##### EXERCISE DATA #####

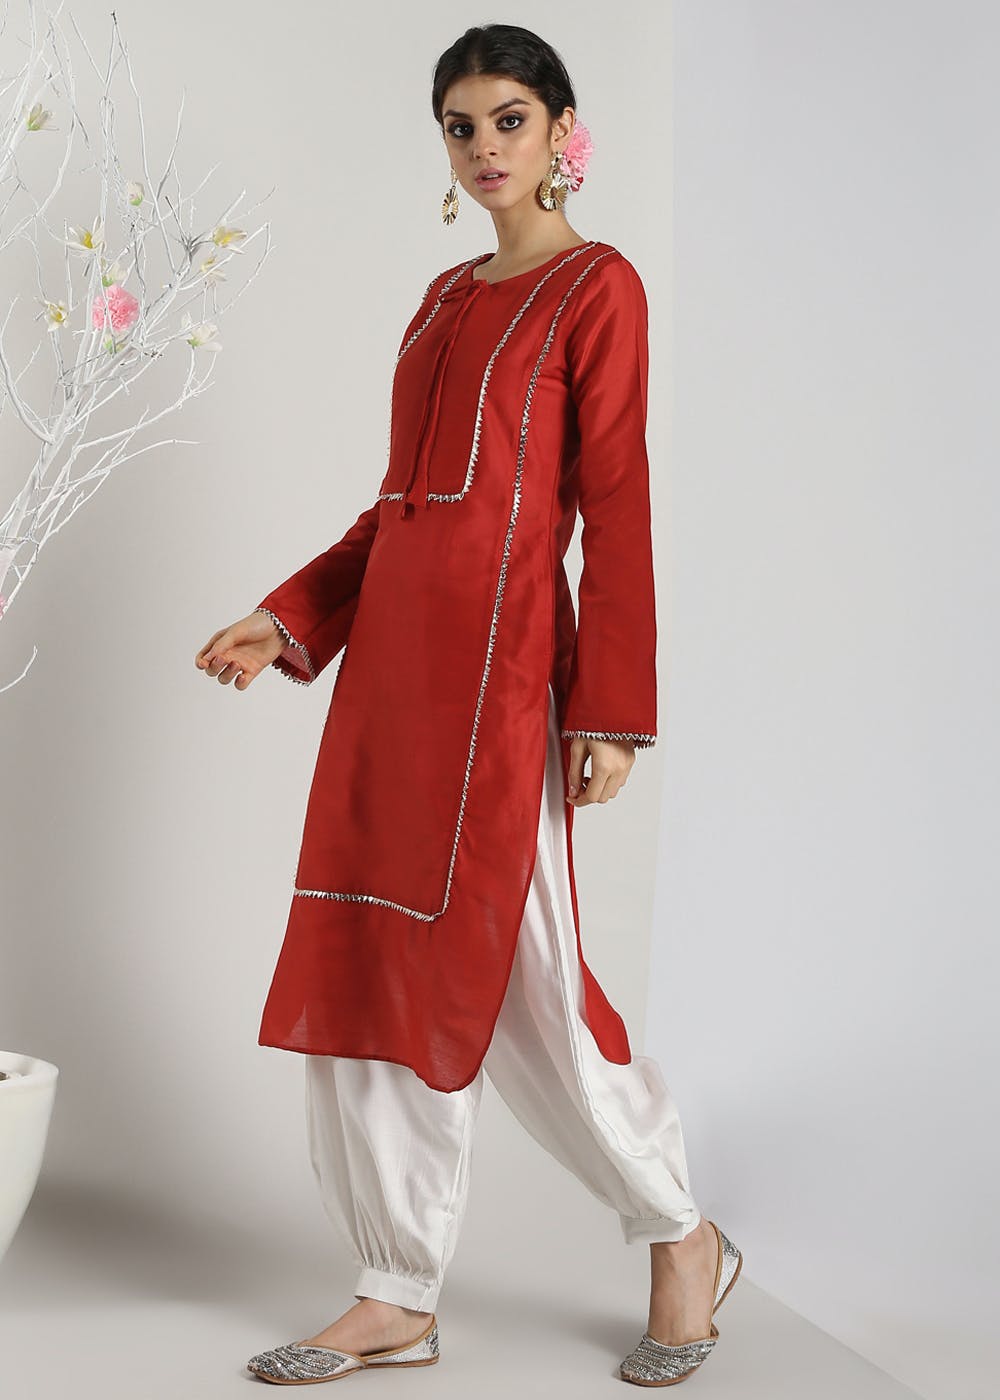 Wholesale Gota patti suit get it from wholesalers of Gota patti suit
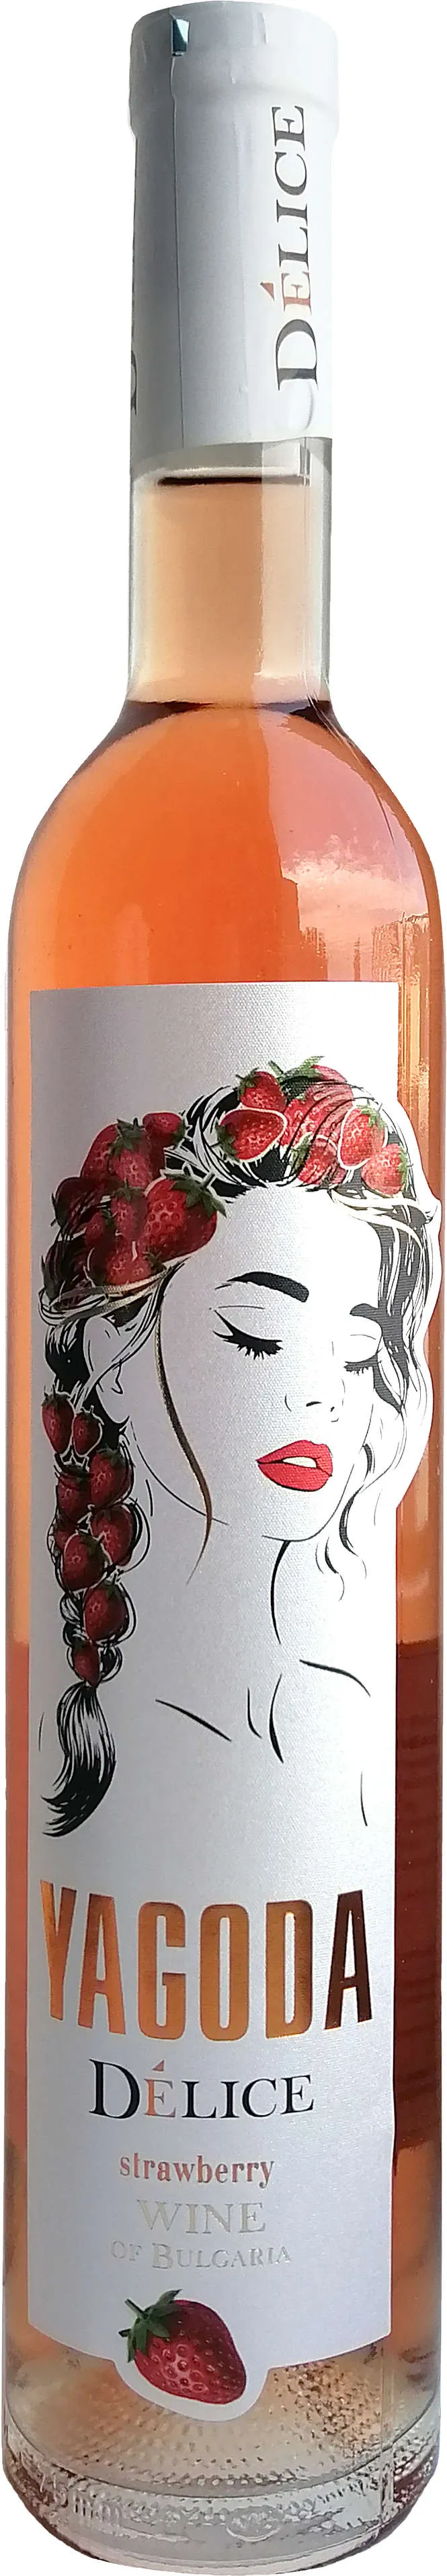 Плодово вино ягода
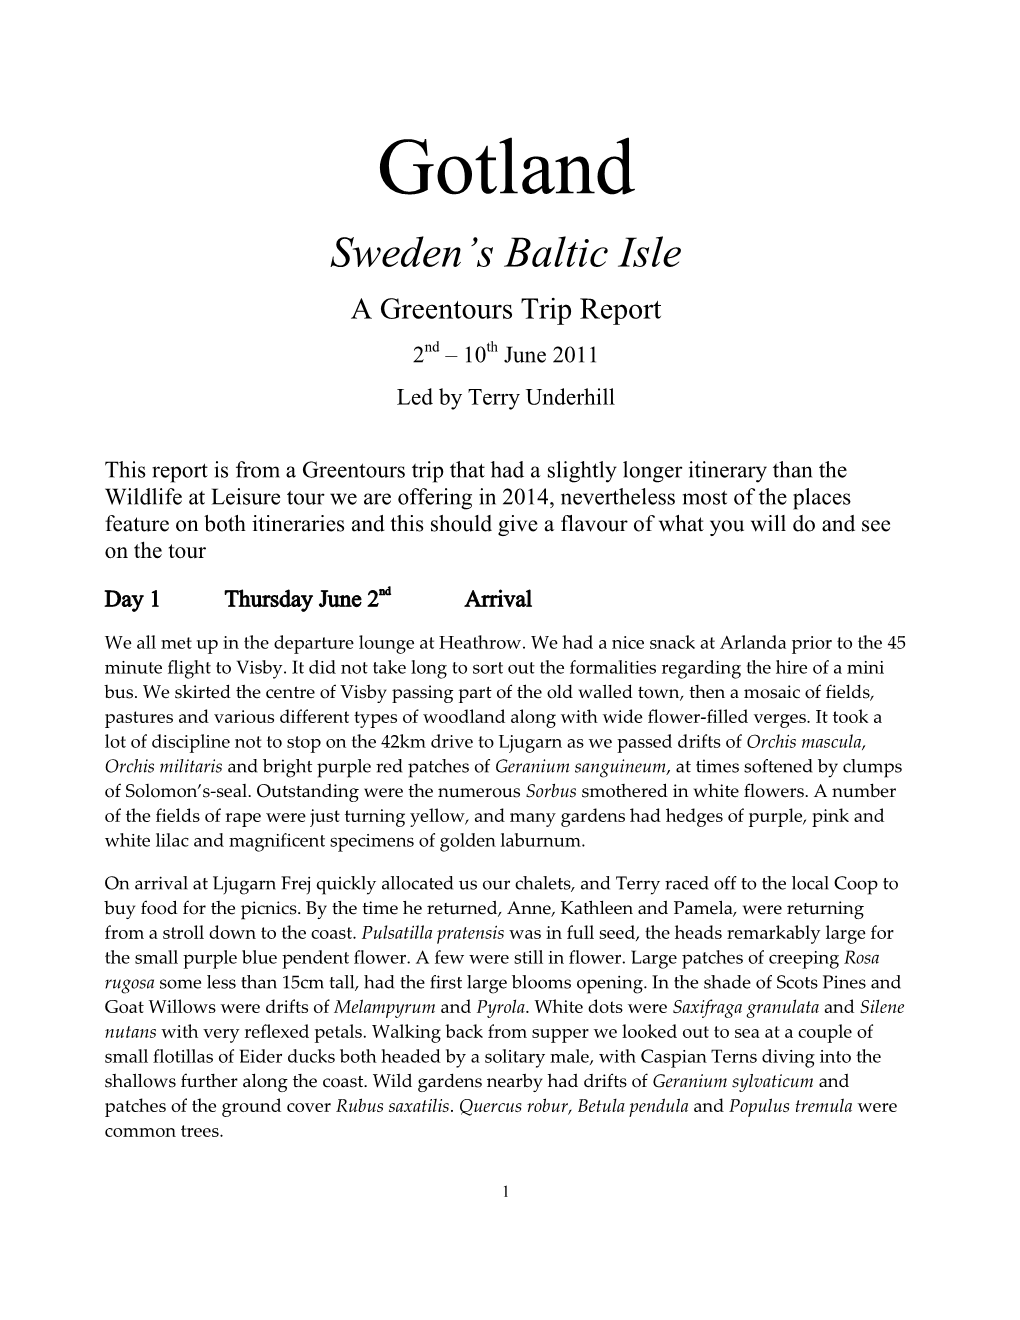 Gotland Trip Report 2004
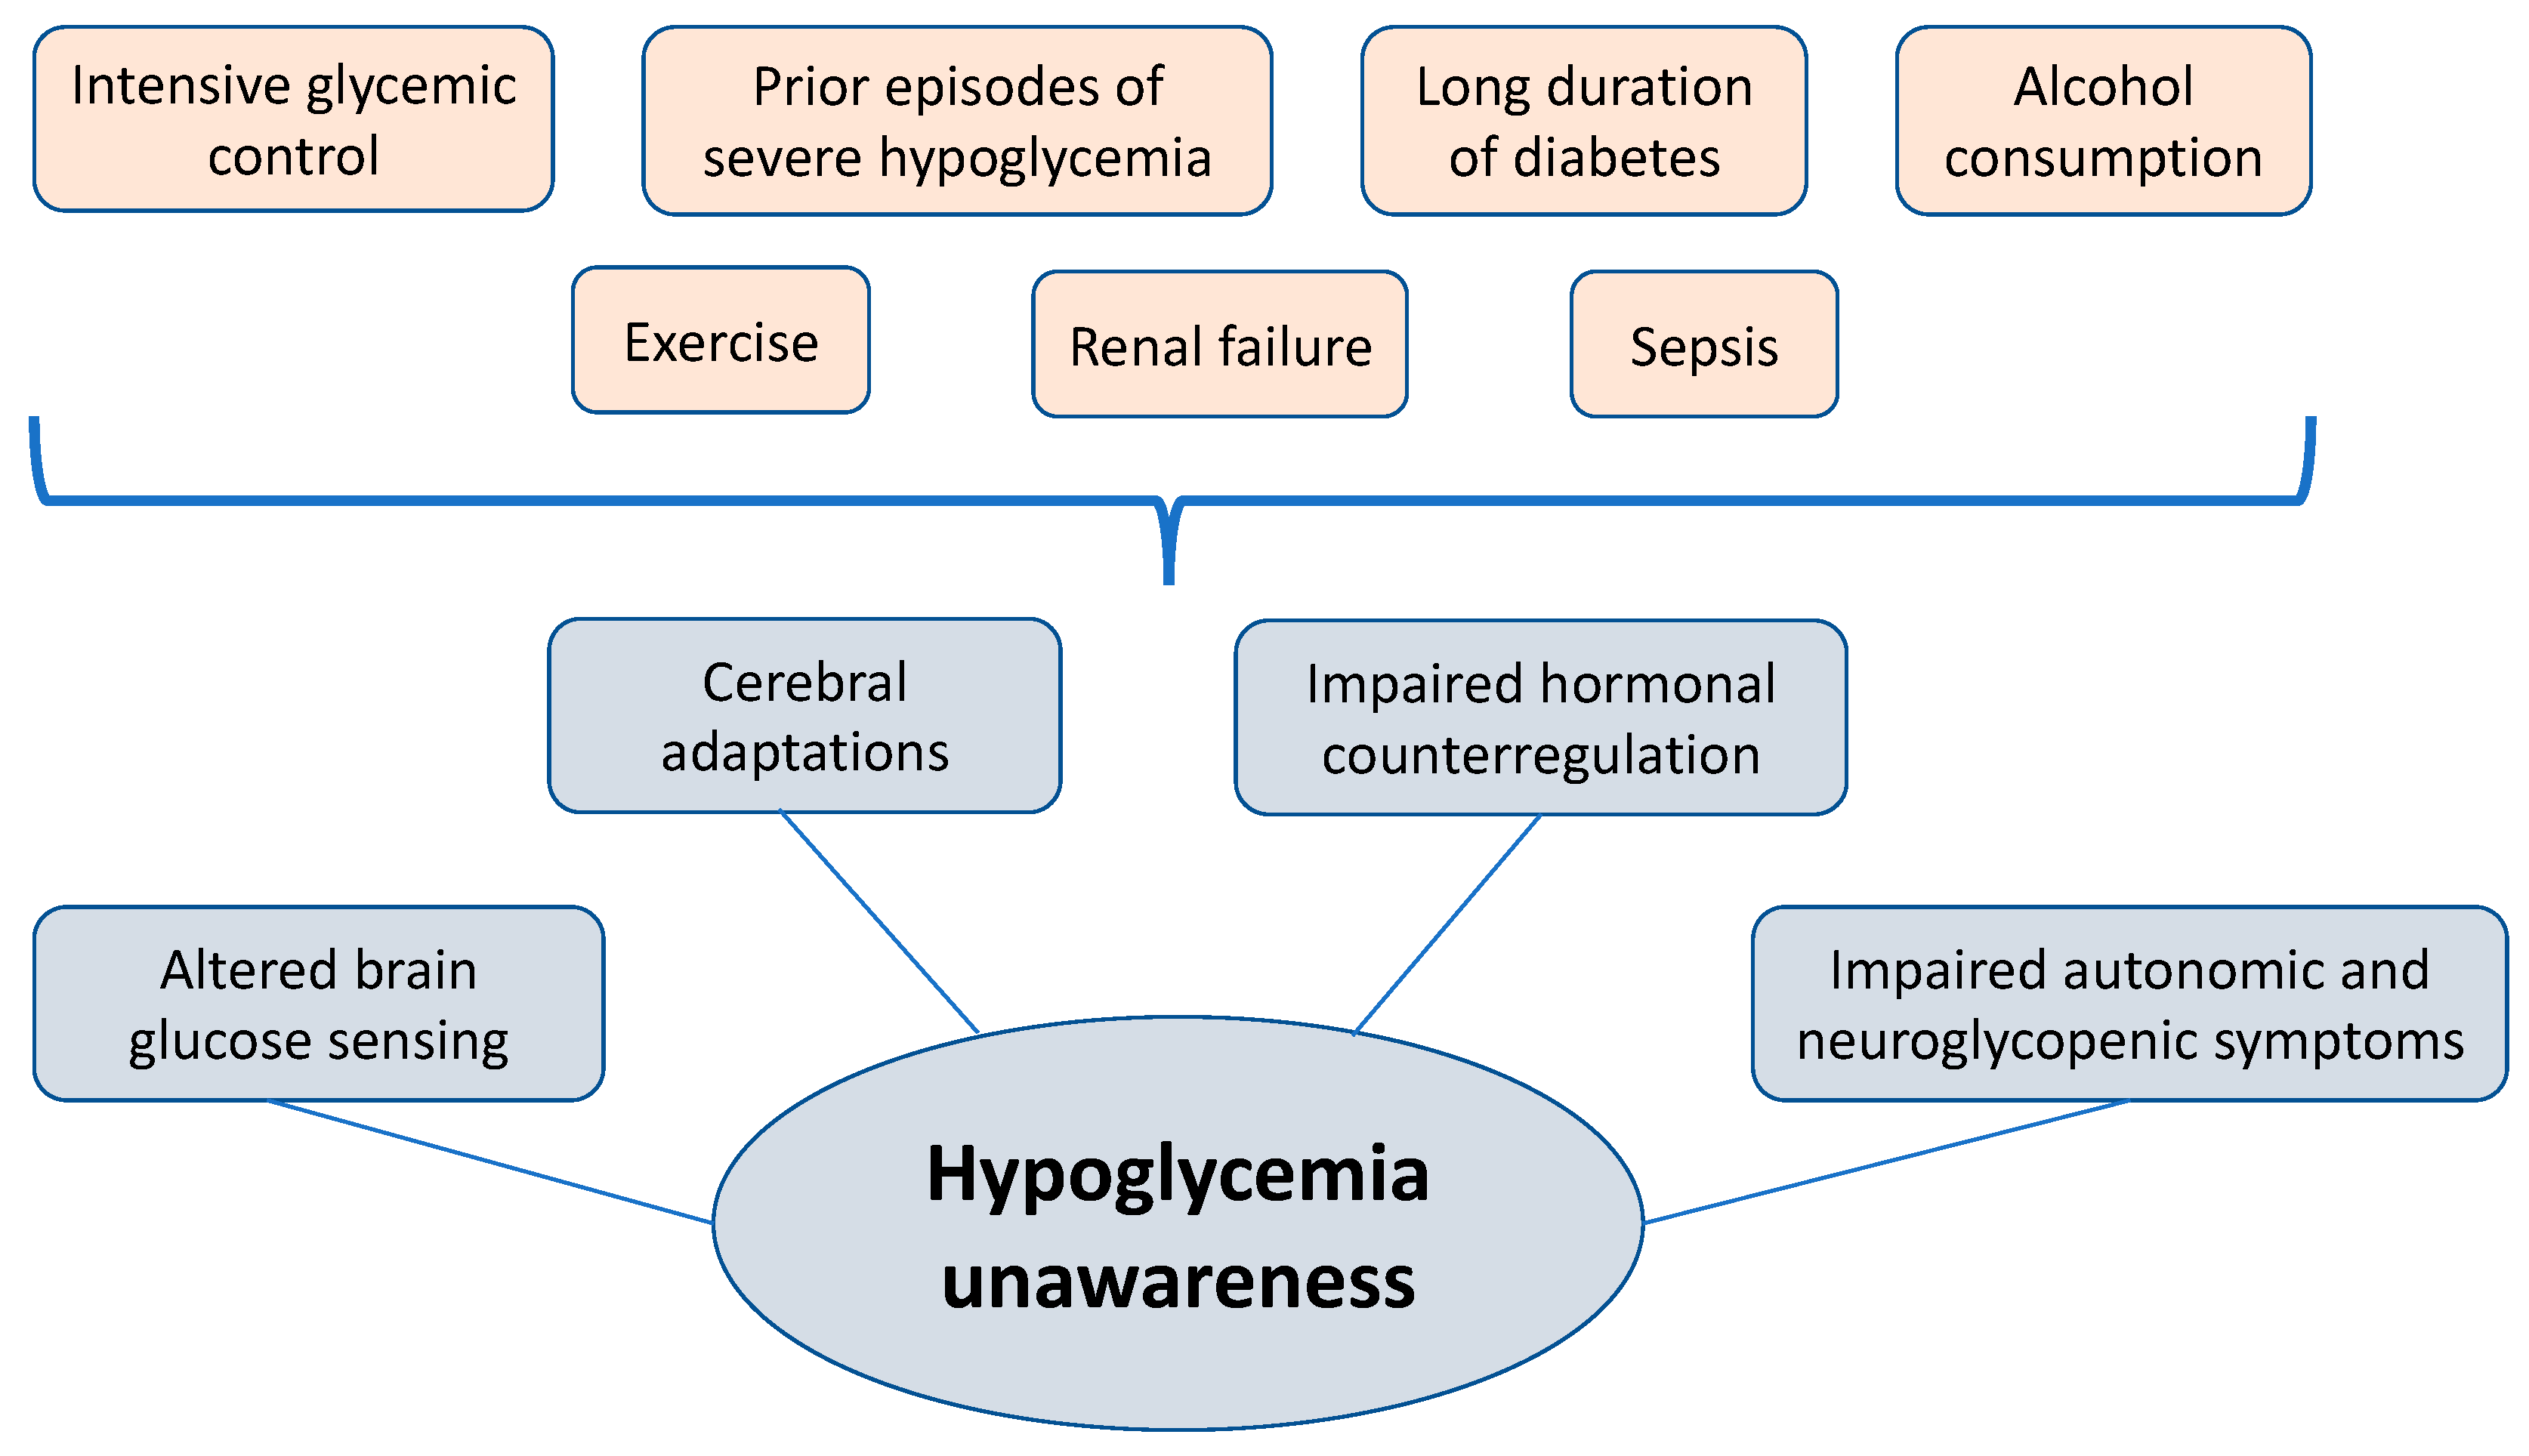 Hypoglycemic unawareness education

#####

• TRY IT:
Give back every line of the material exactly as written, but not the pictures.

• ANSWER TO THIS TASK:
 Wholesale Gota patti suit get it from wholesalers of Gota patti suit
 Плодово вино ягода
 Gotland Trip Report 2004
 Hypoglycemic unawareness education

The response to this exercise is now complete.